Although it has been well-established that methylation in the promoter region is involved in transcriptional silencing (21), little is known about how body methylation affects gene expression and whether promoter and body methylation regulate expression in concert. To examine this, we partitioned promoter and body methylation levels into hypo- (β ≤ 0.3), semi- (0.3 < β ≤ 0.7) and hypermethylated (β > 0.7) groups and compared gene expression levels according to these different combinations in Figure 1B. The most highly expressed group was that with both promoter and body hypomethylated whereas the lowest was with both regions hypermethylated, and the mean difference in gene expression between these two groups was 2.8-fold (P < 2.2 × 10−16, two-sample t-test). Interestingly, when the gene body region is devoid of CpG sites, the repressive nature of promoter methylation is at its most potent with a striking 3.6-fold difference in expression between the hypo- and hypermethylated promoter groups whereas the same difference is 2-fold in genes with body CpG sites (Figure 1B, right). We found many housekeeping genes such as GUK1, CENPB, RPS2, NME2 and UBE2M belong to this group of genes lacking body methylation sites. To formally model the relationship between expression and methylation, a robust linear regression model was fit to the expression levels with promoter and body methylation and their interactions as predictors, and the regression coefficients were −1.55 (promoter, P < 0.001 using 2000 bootstrapping), −0.46 (body, P < 0.001) and 0.05 (interaction, P = 0.36), respectively. This quantification contrasts the extent to which promoter and body methylation controls expression and confirms that promoter methylation exerts stronger control over transcription. But intriguingly, when promoter methylation is held constant, increasing body methylation is associated with more repressed expression, suggesting a fine-tuning mechanism of body methylation for transcription regulation.

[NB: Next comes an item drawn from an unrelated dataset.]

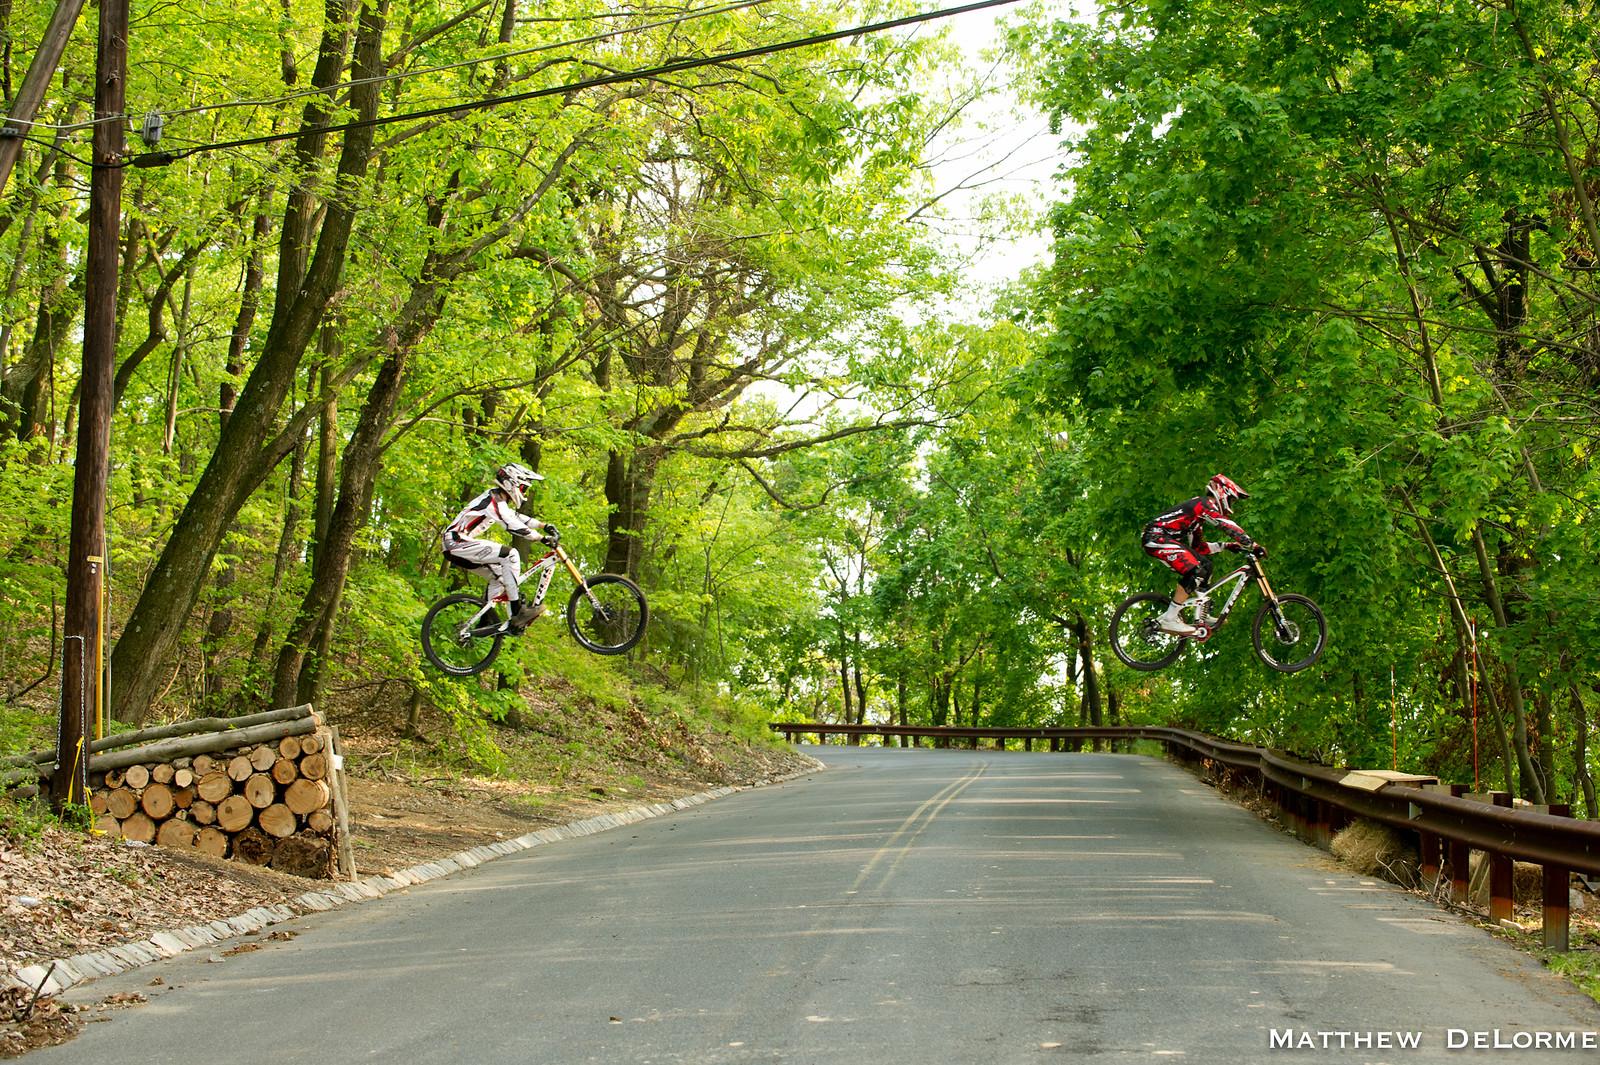 Road Gap  - mdelorme - Mountain Biking Pictures - Vital MTB

After examining the static methylation and expression profiles of the lymphoid precursor (S1), we next sought to identify DMRs between any two subsequent stages (S1->S2, S2->S3 and S3->S4). We chose the CpG sites that had Benjamini–Hochberg-adjusted P-values ≤0.05 for the moderated t-test and β-difference (Δβ) ≥ 0.2. Although two distinct types of DMRs were observed during stage progression, those that had a loss of methylation, which we designate as de-DMRs, and those that obtained more methylation, which we designate as de novo DMRs, de-DMRs were conspicuously dominant during stage progression. A scatter plot between –log10 P and Δβ of any two sequential stages showed that significant CpG sites were skewed to negative Δβ values (Figure 2A). We next assembled the 2987 unique de-DMRs along the stage progression and designated them as the ‘core de-DMRs’; as expected, these loci were likely to be more methylated at S1 than de novo DMRs (Figure 2B). During S1->S2, de-DMRs (2330 CpG sites; 1039 genes) outnumbered de novo DMRs (636 CpG sites; 421 genes) by almost 4 to 1. DMRs between S2->S3, and S3->S4 are exclusively de-DMRs, 828 and 139 CpG sites (455 and 81 genes), respectively (Figure 2C). Not only did de-DMRs far outnumber de novo DMRs loci, there was also a significant overlap between these two sets from S1->S2 (P < 2.2 × 10−16), which suggests that demethylation plays a more significant role during pre-B-cell development but de novo methylation likely plays only a secondary and accessory role.
We observed only a small number of DMRs between S3 and S4, suggesting that these two stages are very similar in terms of their methylation profiles. A hierarchical clustering of the 22 samples using the 2987 core de-DMRs perfectly classified each sample into its relevant stage, with S3 and S4 samples closely assigned into the same sub-tree (Figure 2D). Interestingly, both the clustering heatmap and the boxplots indicate that loss of methylation is a continuous event during pre-B-cell development and once a CpG site incurs a loss of methylation, it remains or becomes even more demethylated throughout subsequent stages (Figure 2D).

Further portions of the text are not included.